Description
The first cookbook of New Orleans. This is the first edition of The Creole Cookery Book, edited by the Christian Woman’s Exchange of New Orleans in 1885.
Octavo, xxv, [1], 216pp, [8pp ads], [36pp blank rule], 217-223pp advertisements. Publisher’s original maroon cloth, three quarter black calf, title in gilt on spine with bands. Frontispiece portrait of Creole chef opposite title page. Clean text throughout. No notes or markings on the blank ruled paper. Text block is sound, stable hinges. (Tucker, New Orleans Cookbook Bibliography, p. 29) (Cagle & Stafford 199) An exceptionally scarce first edition.

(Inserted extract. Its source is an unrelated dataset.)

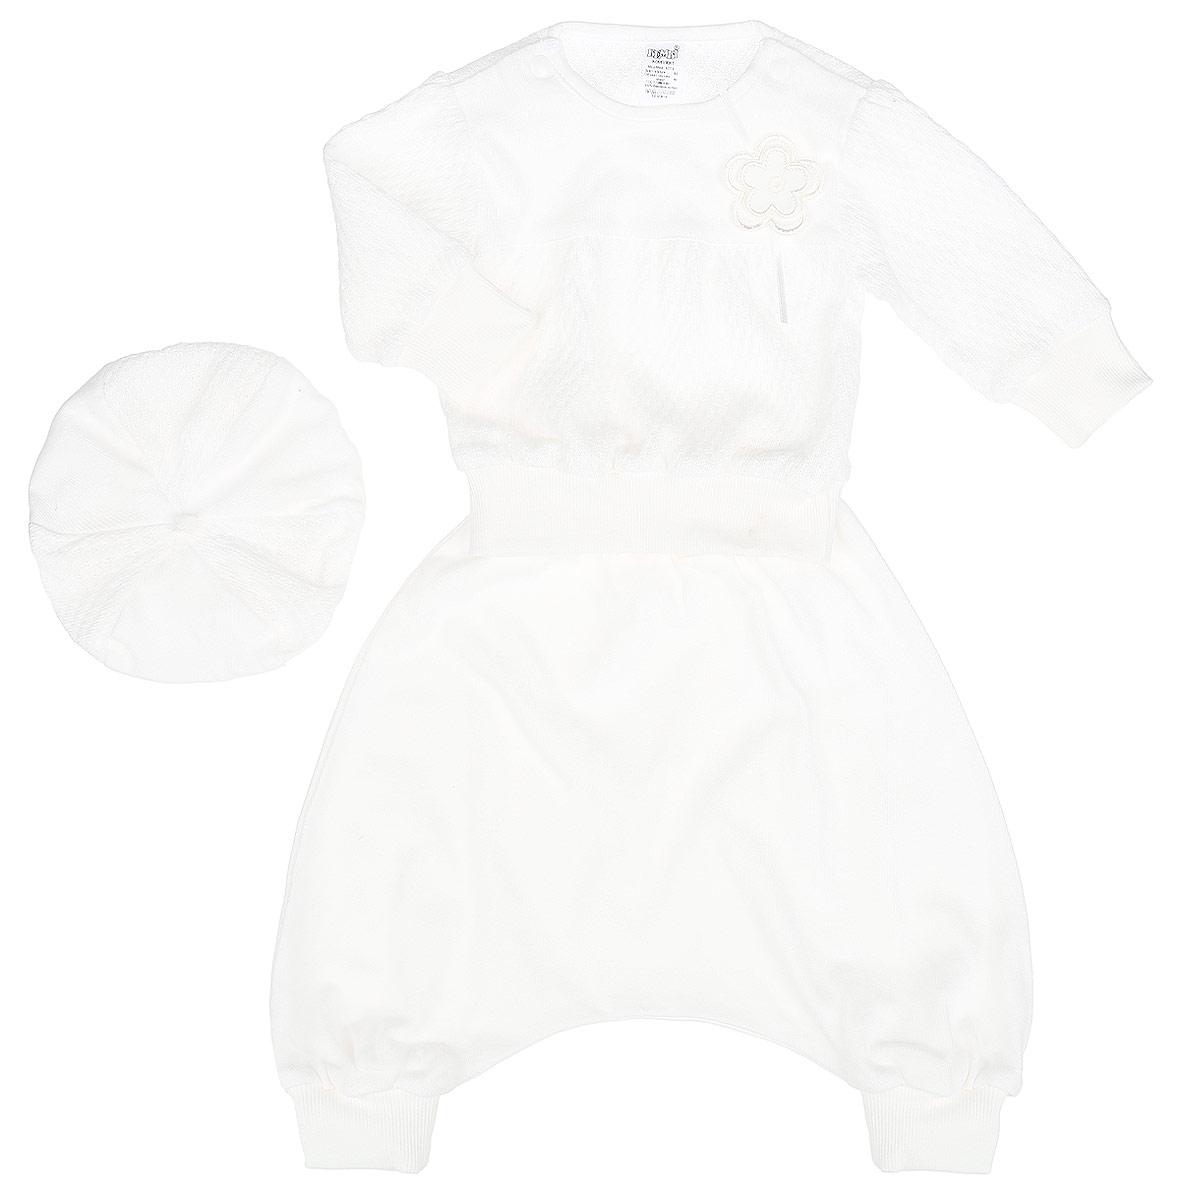 Комплект для девочки: штанишки, кофточка, берет. KP72-17KP72-17Комплект для новорожденного БЕМБІ - это замечательный подарок, который прекрасно подойдет для первых дней жизни малыша. Комплект состоит из штанишек, кофточки и берета. Комплект изготовлен из натурального хлопка. Он необычайно мягкий и приятный на ощупь, не сковывает движения малыша и позволяет коже дышать, не раздражает даже самую нежную и чувствительную кожу ребенка, обеспечивая ему наибольший комфорт. Штанишки имеют широкий пояс, благодаря чему не сдавливают животик ребенка и не сползают, идеально подходят для ношения с подгузником и без него. Снизу брючины дополнены широкими эластичными резинками. Кофточка с длинными рукавами выполнена фактурной вязкой и застегивается на кнопки на плечиках. Рукава и низ изделия дополнены широкими трикотажными резинками. Кофточка украшена очаровательным пришитым цветочком. Мягкий берет, необходимый любому младенцу, защищает еще не заросший родничок, щадит чувствительный слух малыша, прикрывая ушки, и предохраняет от теплопотерь....

The Christian Woman’s Exchange of New Orleans, which was founded in 1881, began compiling a cookbook of New Orleans recipes, with the proceeds to benefit the “needy women” of the city. During the project, they adopted the term Creole cooking, a phrase that was commonly used to describe the Creoles of Louisiana, but never a type of cuisine. The book was published in 1885 and marketed to visitors to the World’s Industrial and Cotton Centennial Exposition. A second book published in 1885, a few months after The Creole Cookery Book, was titled La Cuisine Creole by Lafcadio Hearn. Together, these two volumes form the foundation of Creole cookbooks in Louisiana.